## Data extract
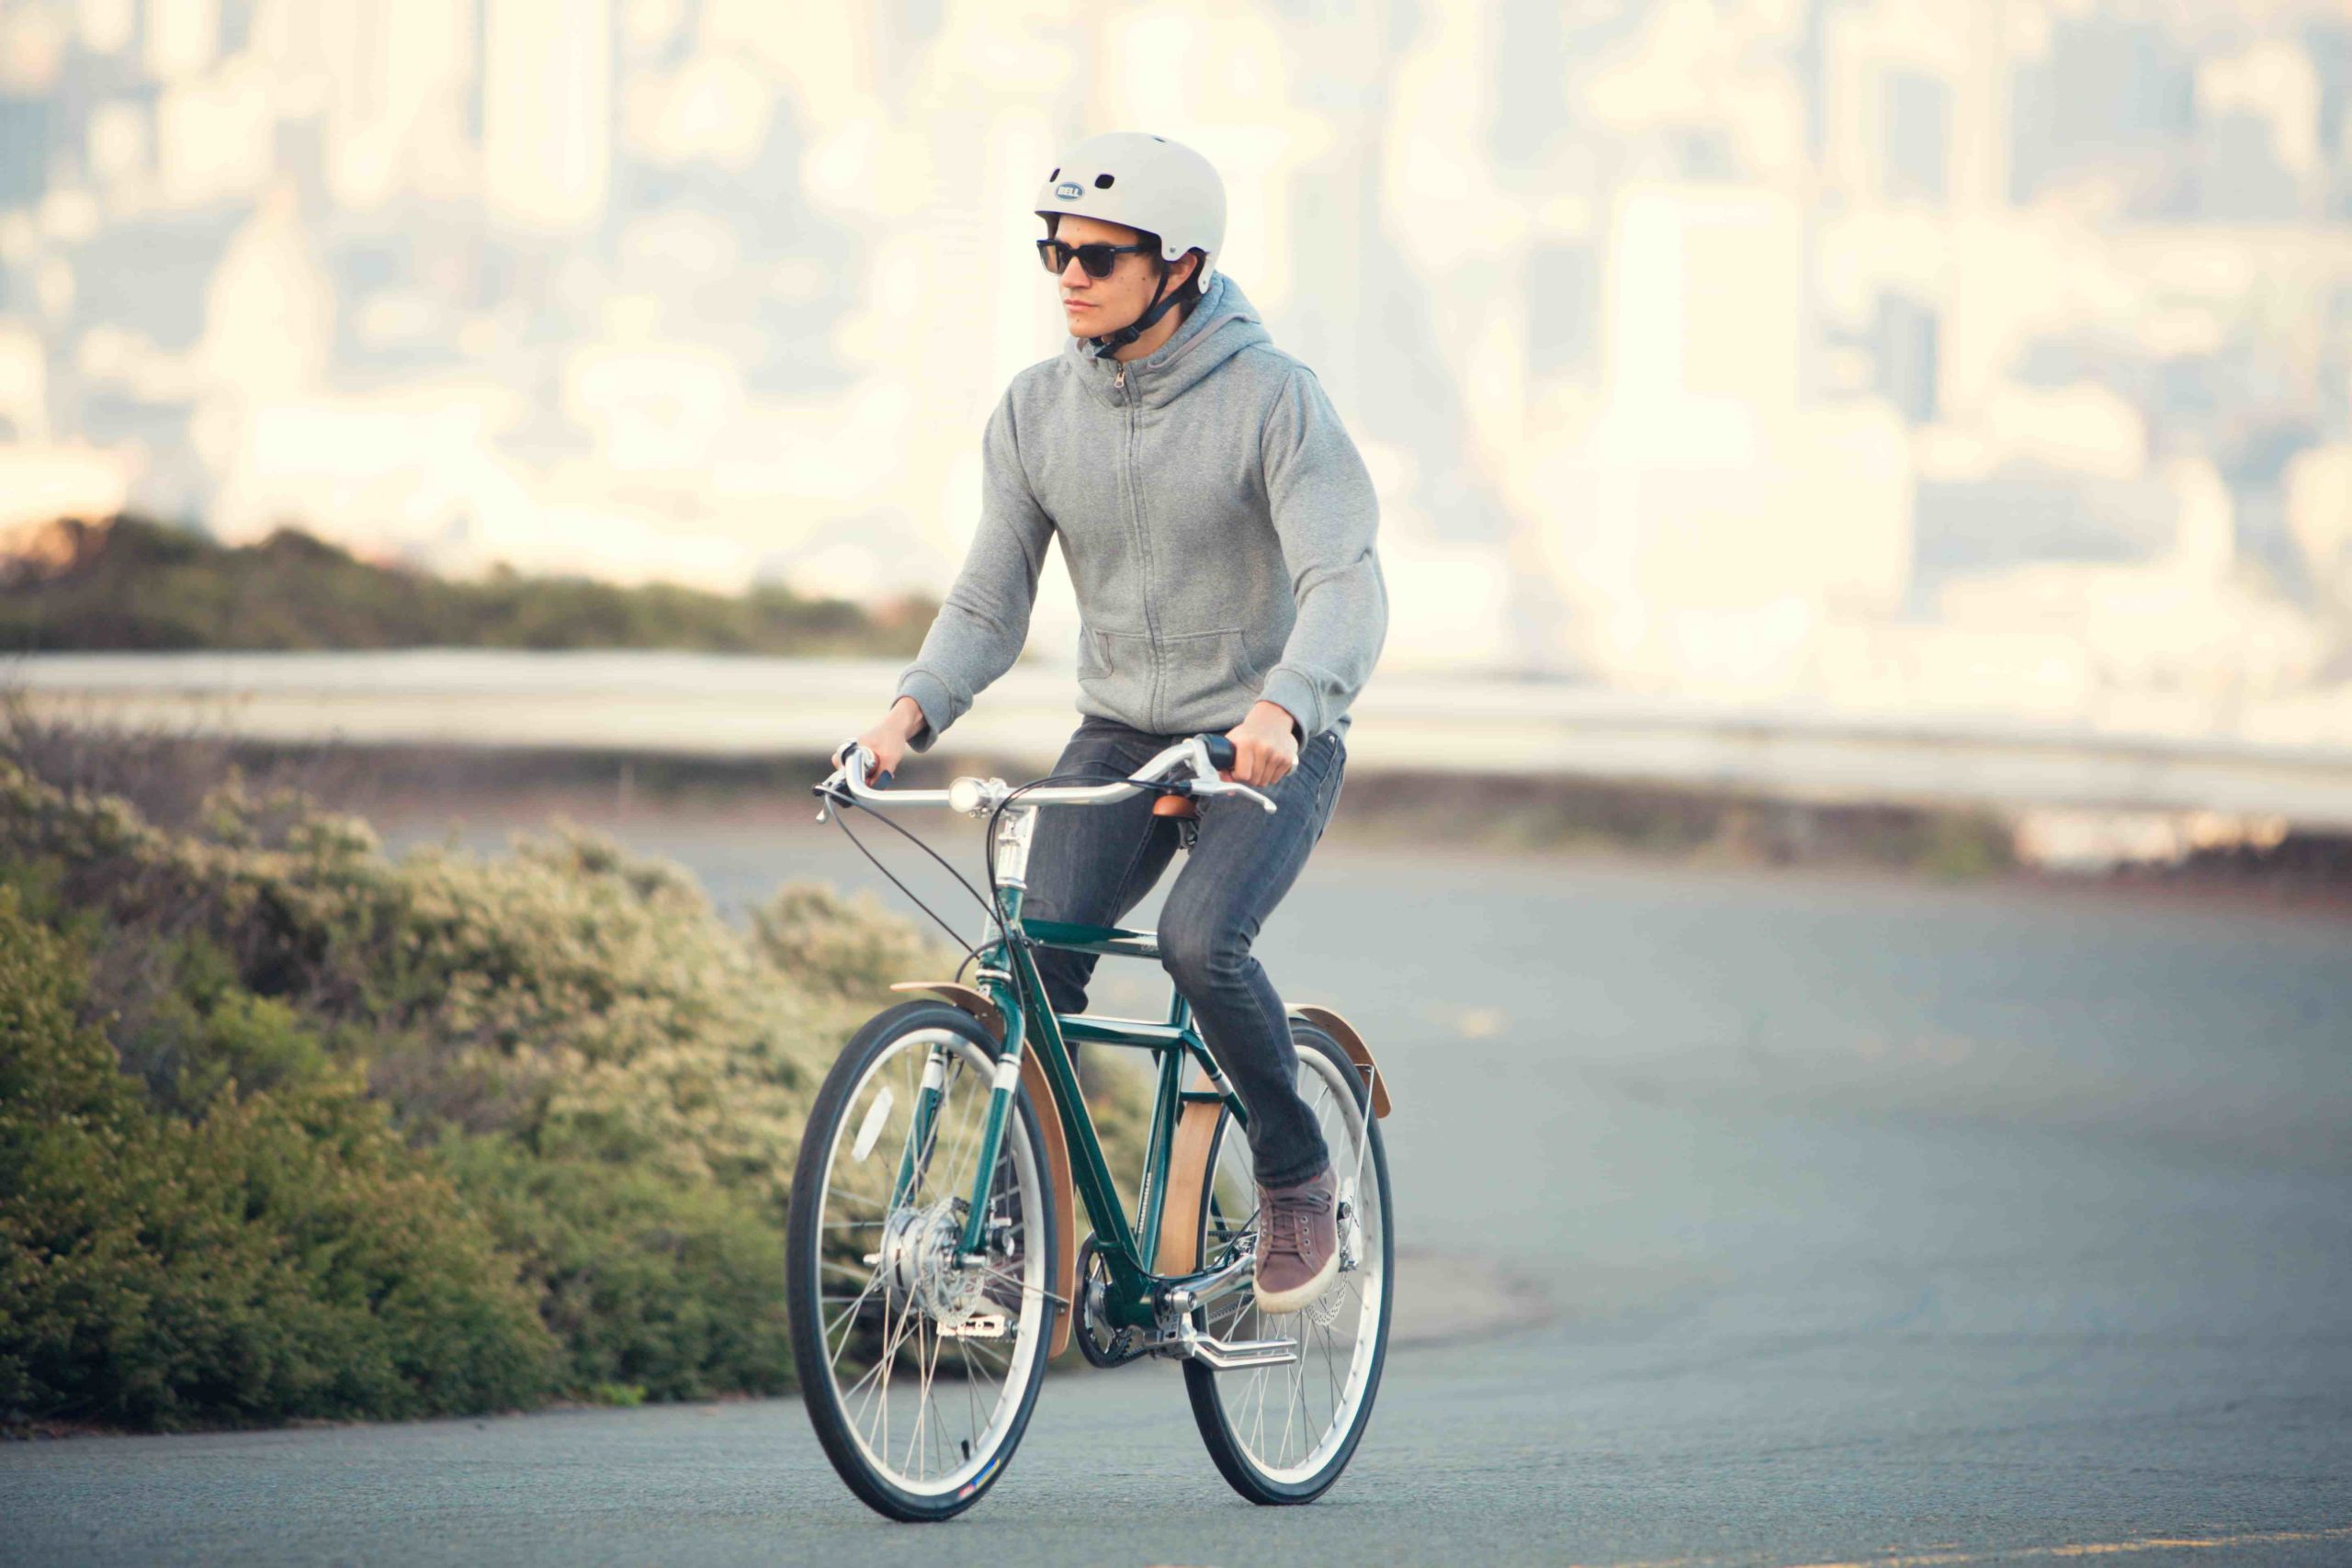 Can you ride an electric bike if you are banned from driving?
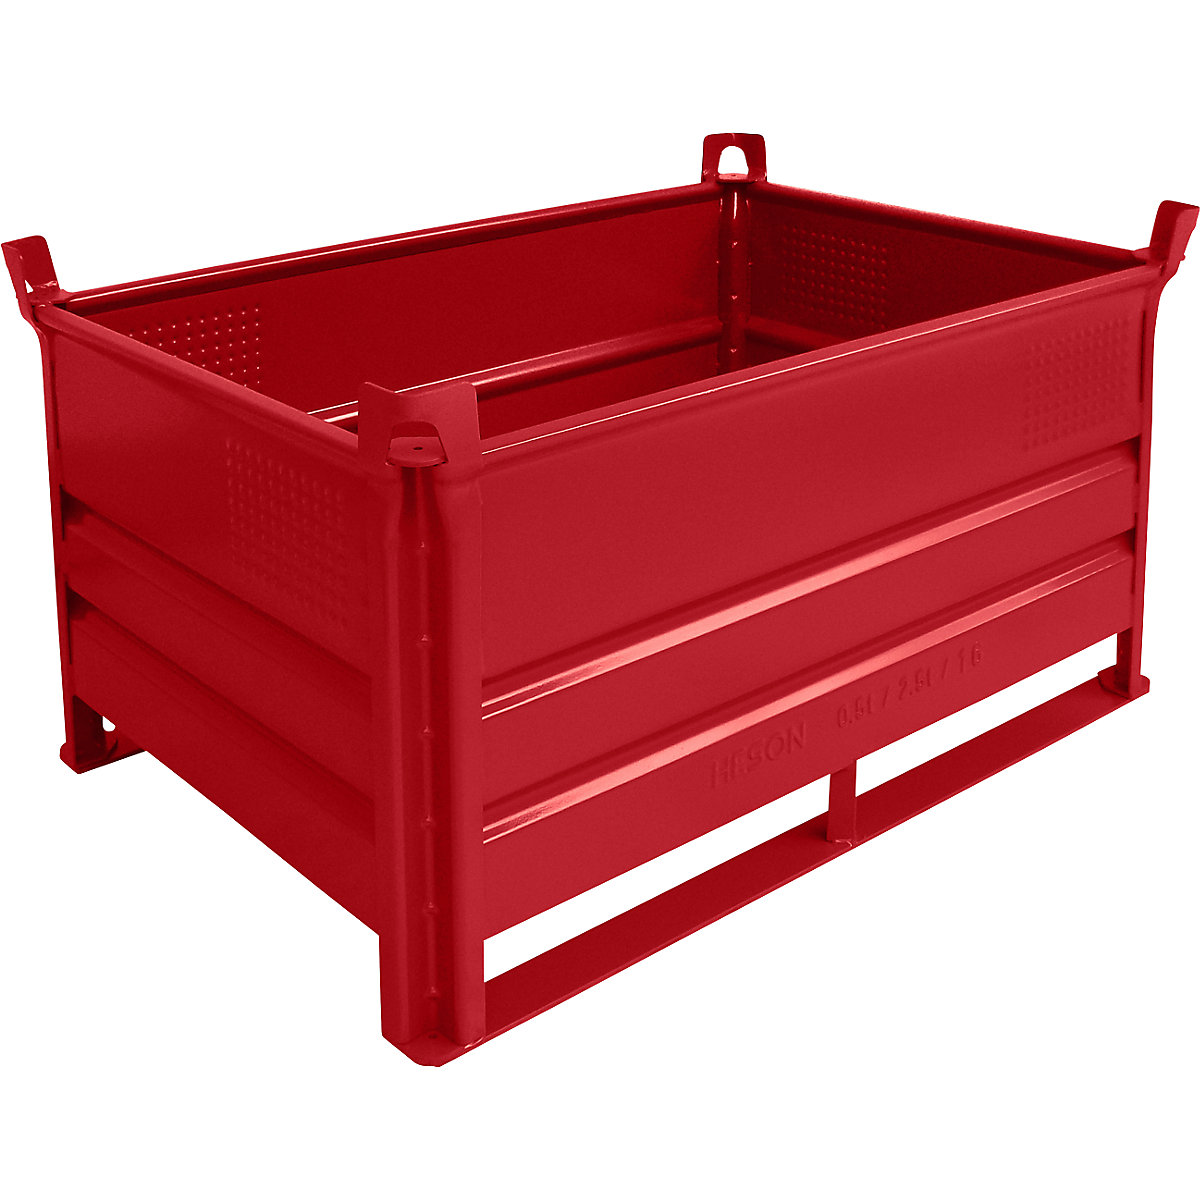 Stacking container with runners – Heson, LxW 1200 x 800 mm, max. load 2000 kg, red, 5+ items-3
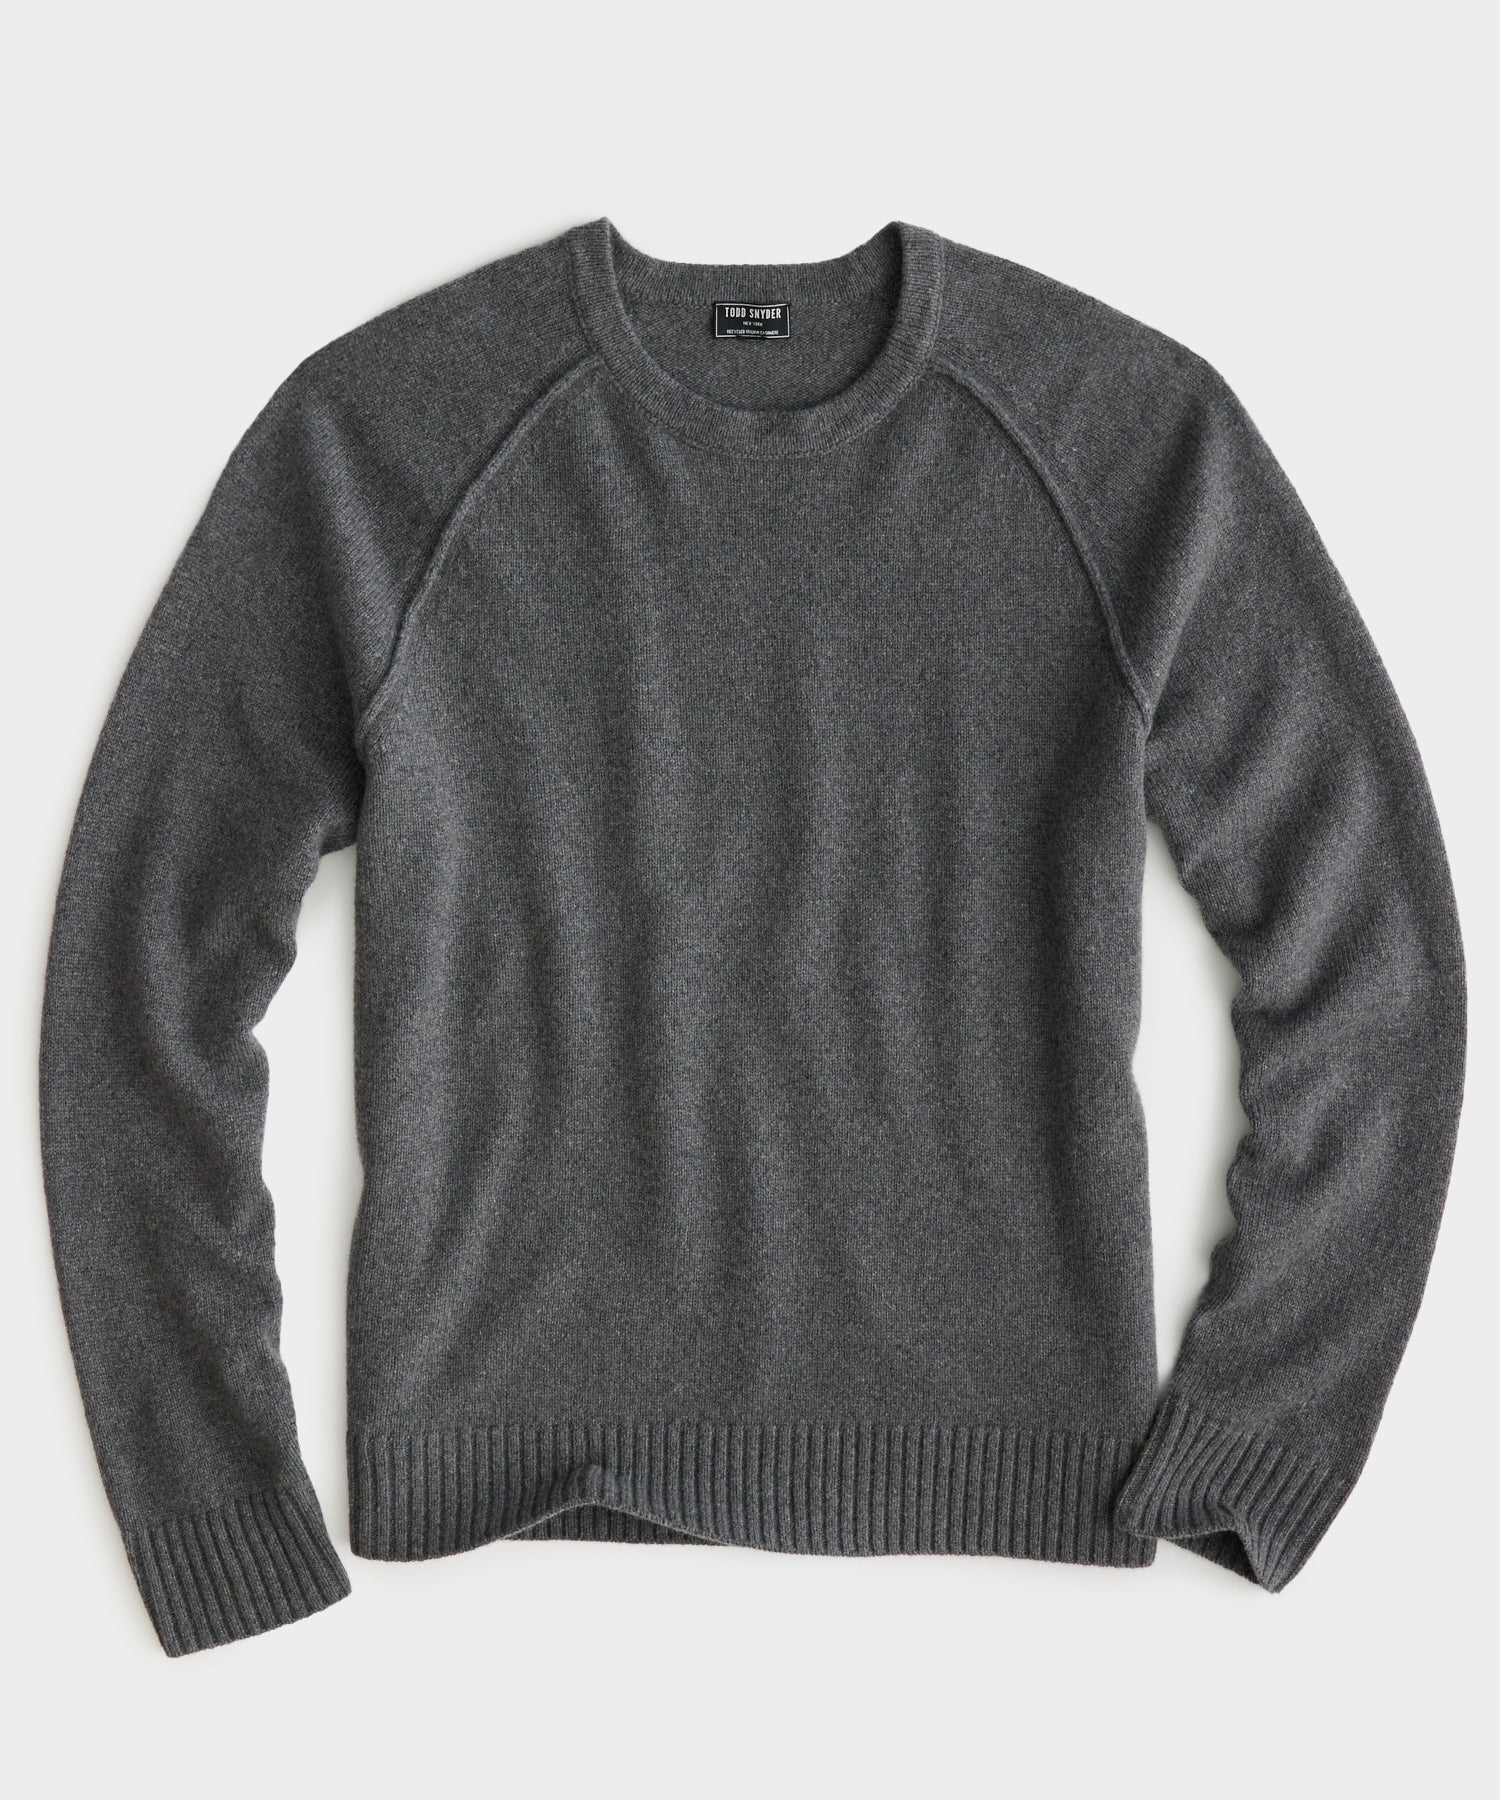 Nomad Cashmere Crewneck in Charcoal

## Your goal
Make an exact printout of the listing above, omitting the images.

## Solution
 Can you ride an electric bike if you are banned from driving?
 Stacking container with runners – Heson, LxW 1200 x 800 mm, max. load 2000 kg, red, 5+ items-3
 Nomad Cashmere Crewneck in Charcoal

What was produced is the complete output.